▶ **DIRECTIONS**
Copy nothing but the lines below, from the one with "Open Concept HDB toilet" through the one with "90 Gambar Binatang Kucing Kartun HD Terbaru", exactly as written; no pictures should appear.

▶ **PROVIDED DATA**
= = = = = = =

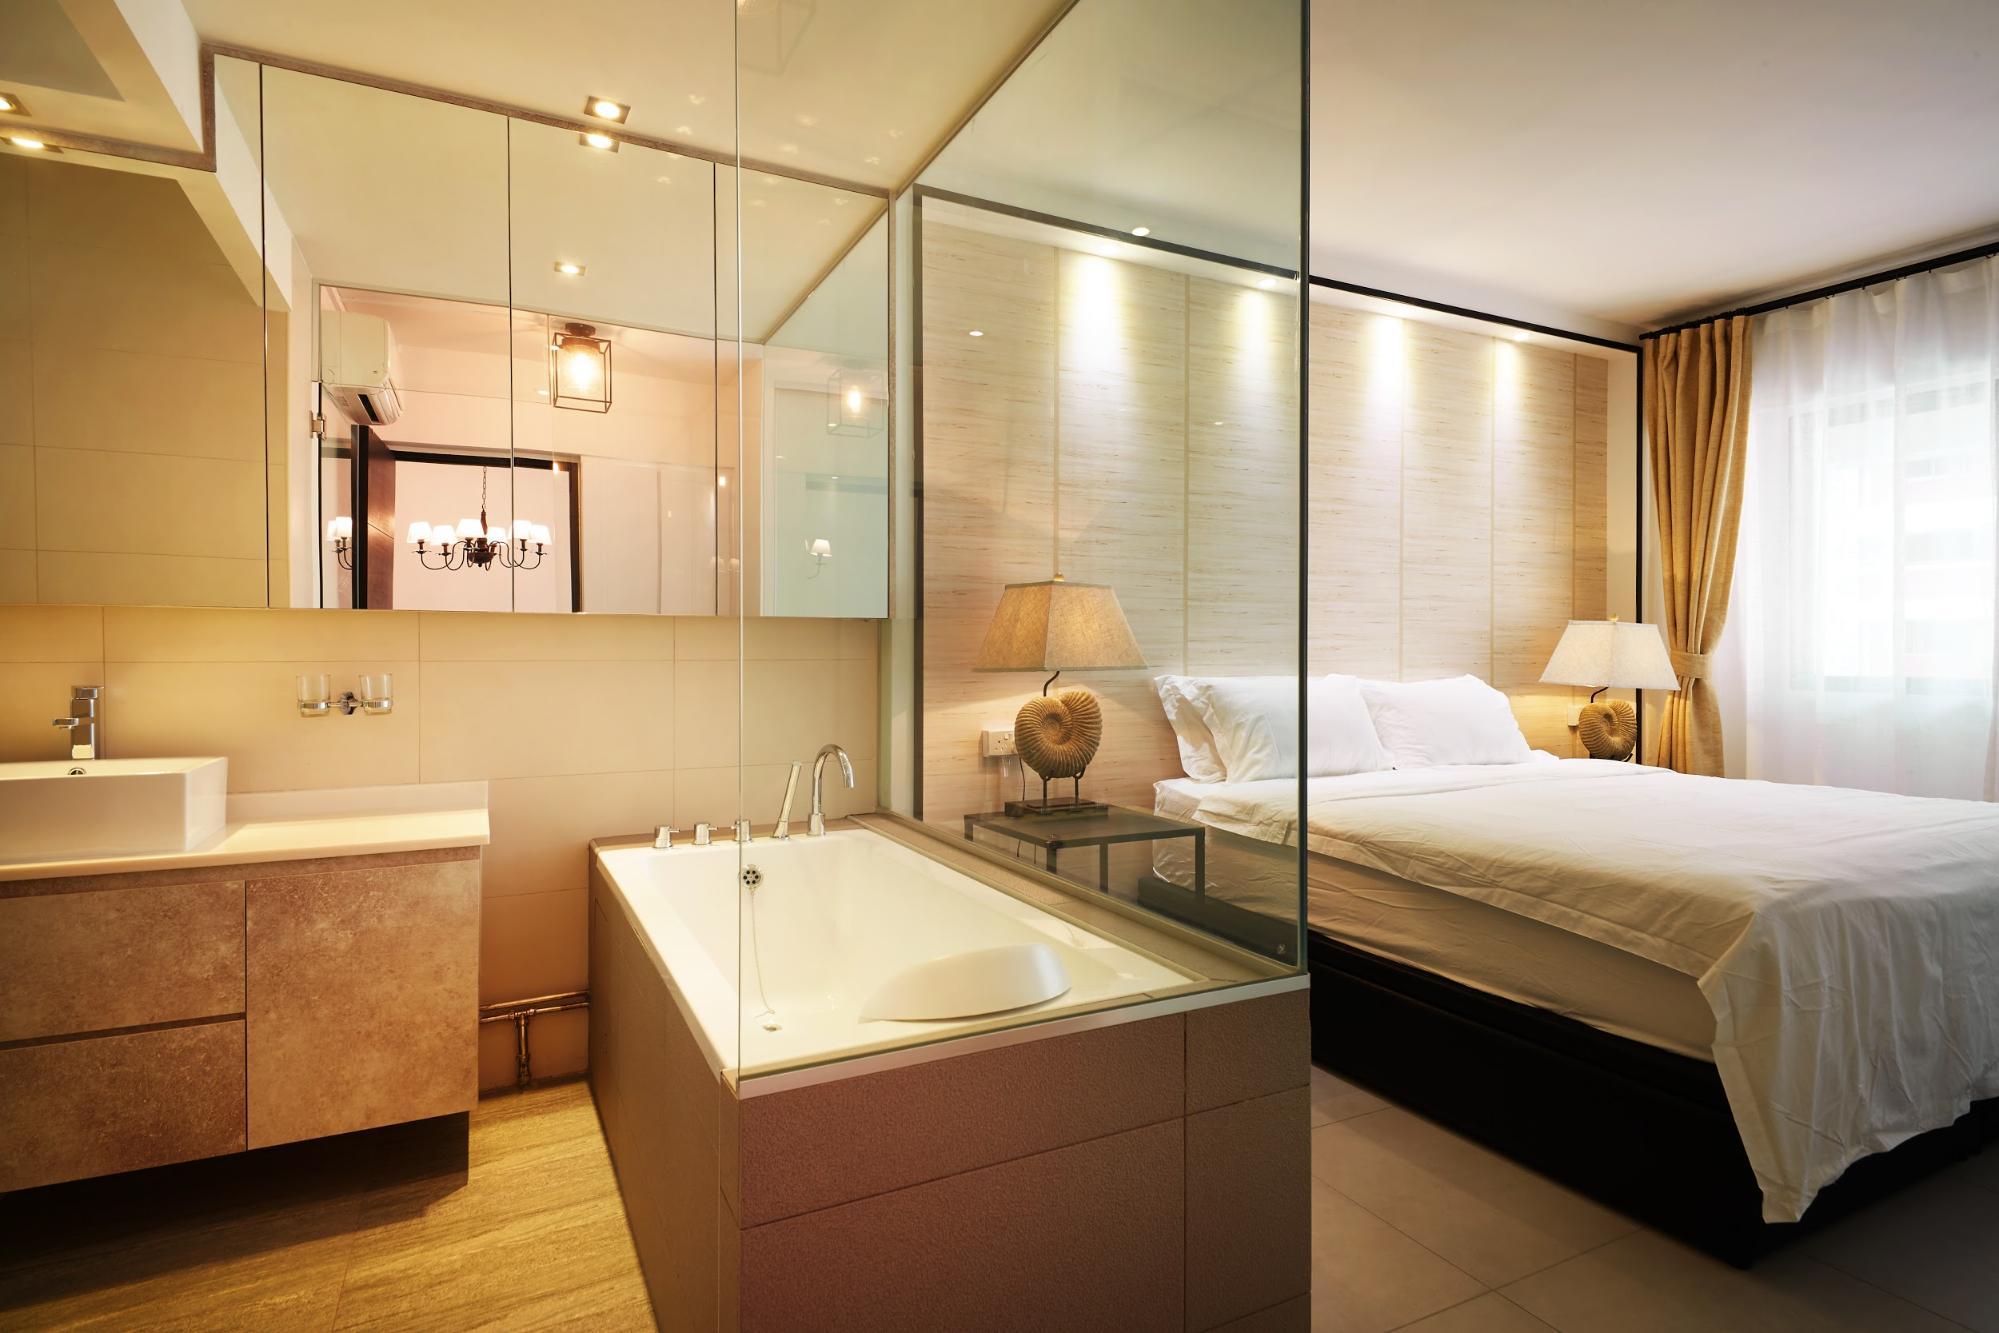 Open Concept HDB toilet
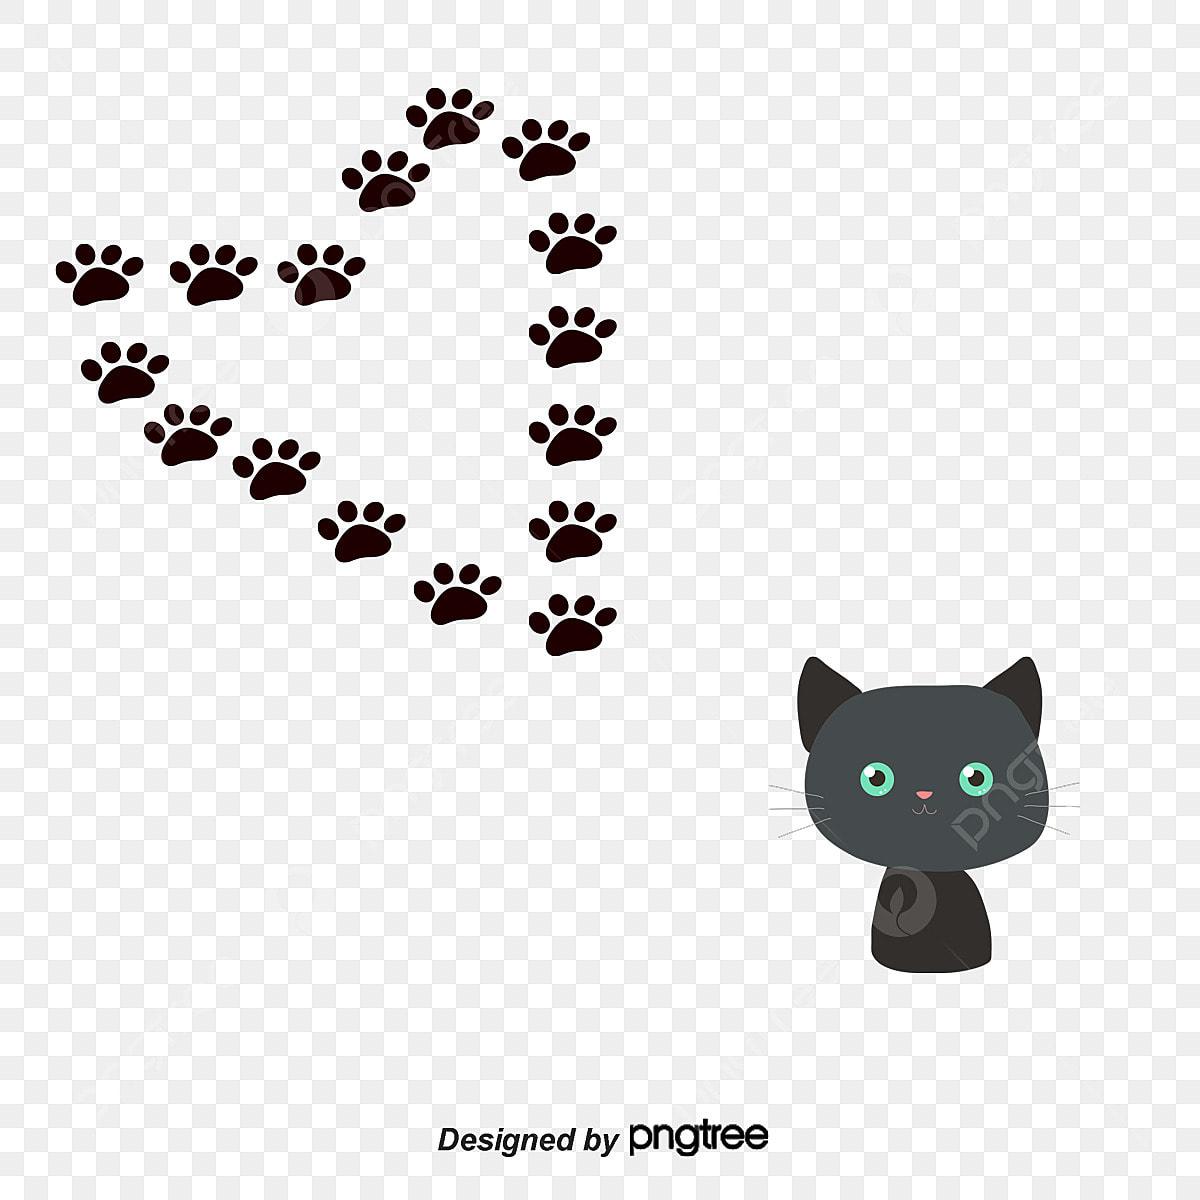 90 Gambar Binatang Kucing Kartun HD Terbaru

= = = = = = =

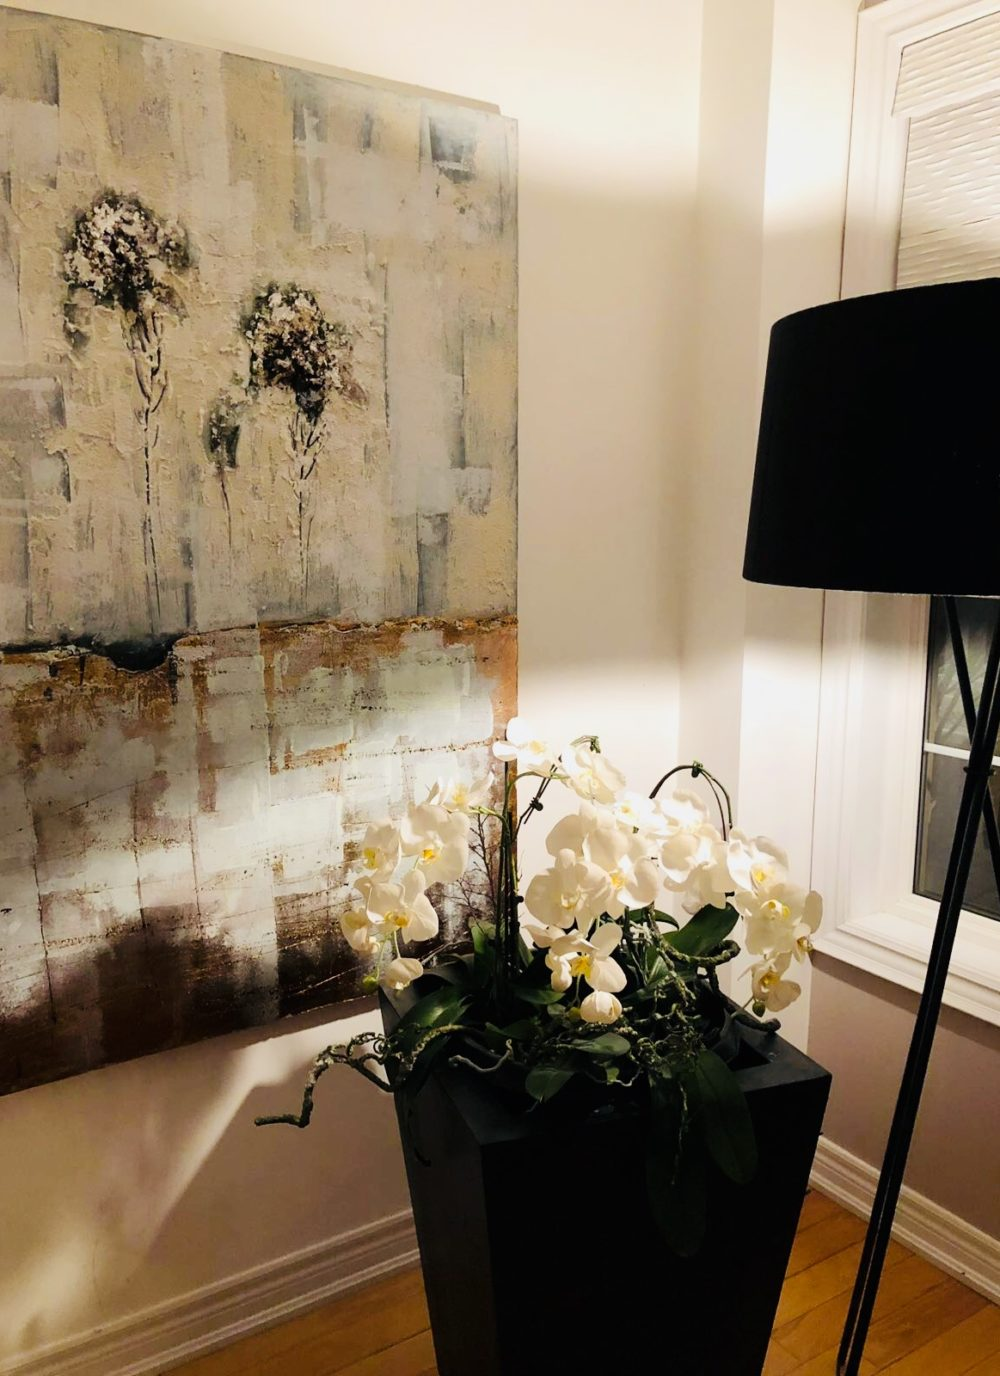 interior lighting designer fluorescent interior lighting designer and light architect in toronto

= = = = = = =

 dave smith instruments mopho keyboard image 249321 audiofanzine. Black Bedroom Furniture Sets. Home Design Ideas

= = = = = = =

▶ **ANSWER BOX**
 Open Concept HDB toilet
 90 Gambar Binatang Kucing Kartun HD Terbaru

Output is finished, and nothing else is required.